Traceback (most recent call last):
File "<stdin>", line 4, in <module>
(...)
RuntimeError: overlapping changes: 6 before 9; text='blabla'
When inserting multiple pieces on the same position, the order in which the changes are applied is always respected:
>>> d = parce.Document(Xml.root, r'<xml attr="value">')
>>> with d:
... d[16:16] = ' value1'
... d[16:16] = ' value2'
... d[16:16] = ' value3'
...
>>> d.text()
'<xml attr="value value1 value2 value3">'
Cursor and Block#
Related to Document are Cursor
and
Block
.
A Cursor simply describes a position (pos
) in the document, or a selected
range (from pos
to end
). If you write routines that inspect the tokens
and then change the text in some way, you can write them so that they expect
the cursor as argument, so they get the cursor’s Document, the selected range
and the tokenized tree in one go.
A cursor keeps its position updated as the Document changes, as long as you keep a reference to it.

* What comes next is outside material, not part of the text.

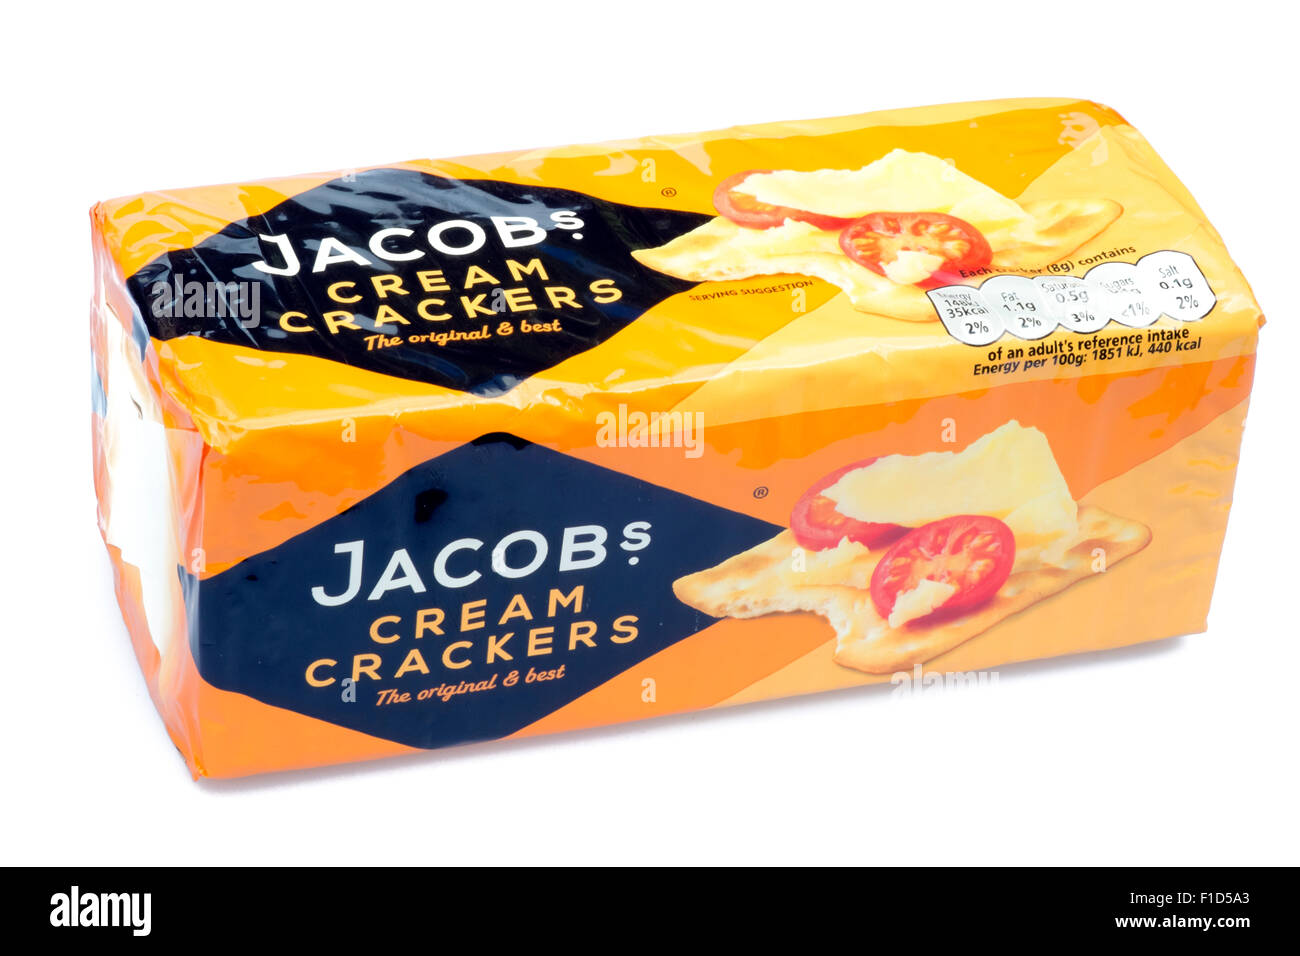 Jakobs Cream Cracker ausschneiden oder isoliert auf einem weißen Hintergrund, UK. Stockfoto

A Block describes a line of text and is instantiated using
Document.find_block()
,
Document.blocks()
,
Cursor.block()
or
Cursor.blocks()
,
and then knows its pos
and end
in the Document. You can easily iterate
over lines of text using the blocks()
methods.
Getting at the tokens#
Of course, you can get to the tokens by examining the tree, but there are a few
convenience methods. Document.token(pos)
returns the token closest at the
specified position (and on the same line), and Cursor.token()
does the same. Cursor.tokens()
yields the tokens in the selected
range, if any.
Block.tokens()
returns a tuple of the
tokens at that line:
>>> from parce import Document
>>> from parce.lang.css import Css
>>> d = Document(Css.root, open('parce/themes/default.css').read())
>>> b = d.find_block(200)
>>> b.tokens()
(<Token 'background' at 203:213 (Name.Property.Definition)>, <Token ':' at 213:214 (Delimiter)>,
<Token 'ivory' at 215:220 (Literal.Color)>, <Token ';' at 220:221 (Delimiter)>)
Maintaining a transformation#
Behind the scenes of Document, a Worker
is responsible for
updating the tokenized tree (i.e. running the tree builder), but this same
worker can also update the transformed result of the tokenized tree.
To enable this, all that’s needed is to add a Transformer to the document’s Worker. You can specify a Transformer (and/or a Worker) on Document construction. Here is an example:
>>> from parce.lang.json import Json
>>> from parce import Document
>>> from parce.transform import Transformer
>>> d = Document(Json.root, transformer=Transformer())
>>> d.set_text('{"key": [1, 2, 3, 4, 5]}')
>>> d.get_transform(True)
{'key': [1, 2, 3, 4, 5]}
>>> d.insert(22, ", 6, 7, 8")
>>> d.get_transform(True)
{'key': [1, 2, 3, 4, 5, 6, 7, 8]}
Note that after inserting some text the transformed result automatically gets updated. If all you need is simply the default transformer, construction of a document is even simpler:
>>> import parce
>>> d = parce.Document(parce.find('json'), '{"key": [1, 2, 3]}', transformer=True)
>>> d.get_transform(True)
{'key': [1, 2, 3]}
More goodies#
The parce.Document
class is in fact built from four base classes:
AbstractMutableString
/MutableString
from the mutablestring
module,
AbstractDocument
/Document
from the document
module,
DocumentIOMixin
from the
docio
module and
WorkerDocumentMixin
from the
work
module.
Using parce.DocumentInterface
(which bundles all those base classes),
it is not difficult to design a class that wraps an object representing a text
document in a GUI editor. You need only to provide two methods in your wrapper:
text()
to get all text, and
_update_text()
to change the
text programmatically. When the text is changed,
AbstractDocument
calls
text_changed()
, which in
WorkerDocumentMixin
is implemented to inform the
TreeBuilder about a part of text that needs to be retokenized. Also your
wrapper class should call
text_changed()
whenever the
user has typed in the editor.
Because a Document is basically a mutable string, we added some more nice methods to perform certain actions like search, replace, and substitution using regular expressions. And even undo/redo! See the document module’s documentation.